Household care covers a wide gamut of products, which can broadly be categorized as dish/ utensil cleaners, floor cleaners, toilet cleaners, air fresheners, insecticides and mosquito repellents etc. The use of these products is not very widespread in India. The penetration at the all India level is a tiny 11.4%, represented predominantly by large metros, wherein the penetration is 47.2%. (In the rural areas the penetration is as lower at 4.3%). Most households use either low end products or ordinary detergents for their cleaning purposes.

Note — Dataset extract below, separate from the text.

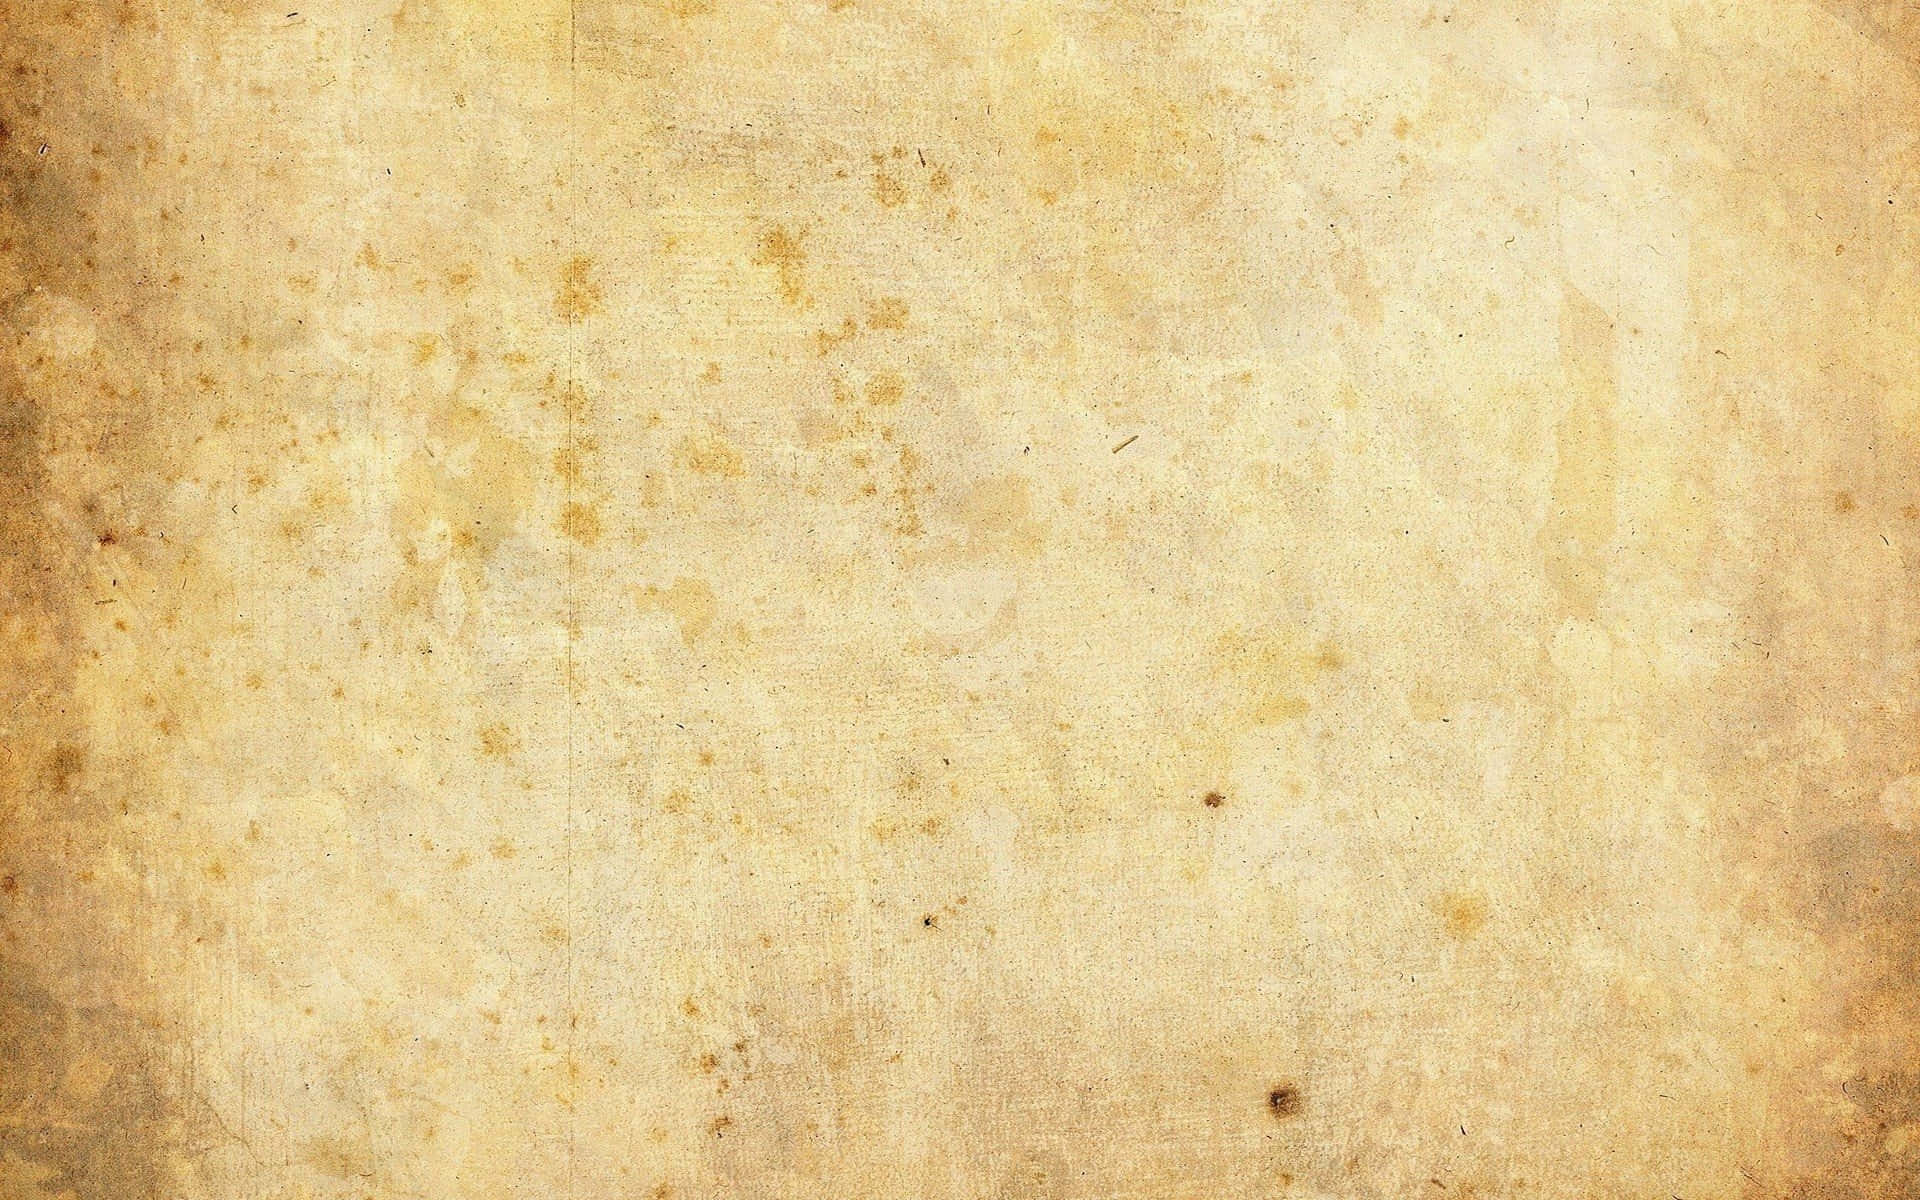 100+] Old Paper Texture Pictures

It is against this backdrop that Reckitt & Colman India (RCIL), the 51% subsidiary of Reckitt & Colman Plc commands the market leadership position in the household care products. Reckitt & Colman`s product portfolio includes ultramarine blue, antiseptics, polishes, cosmetics, insect repellants and pharmaceuticals. RCIL has strong brands in each product segment it operates in. Its key brands include Robin (liquid bleach), Cherry Blossom (shoe polish), Harpic (toilet cleaner), Mortein (insect repellent), Lizol (disinfectant), Colin (glass cleaner) and Woolite (fine-fabric washing liquid).
Over the last few years RCIL has consciously focused on the household care business primarily because it sees a lot of growth in this segment. Reckitt’s strategy seems simple. Expand the household market and command a lion’s share of the segment. To lend focus to this strategy, in 1998 RCIL set up Reckitt Piramal - a 3-party joint venture (JV) between RCIL (20% stake), Nicholas Piramal (40%) and Reckitt & Colman, UK (40%) to lend marketing thrust to its over the counter (OTC) pharmaceutical products. It transferred the marketing and distribution of its most established brands, Dettol and Disprin range of products to this JV. The aim was higher volume growth, since the JV had access Nicholas Piramal's better doctor detailing and a distribution network.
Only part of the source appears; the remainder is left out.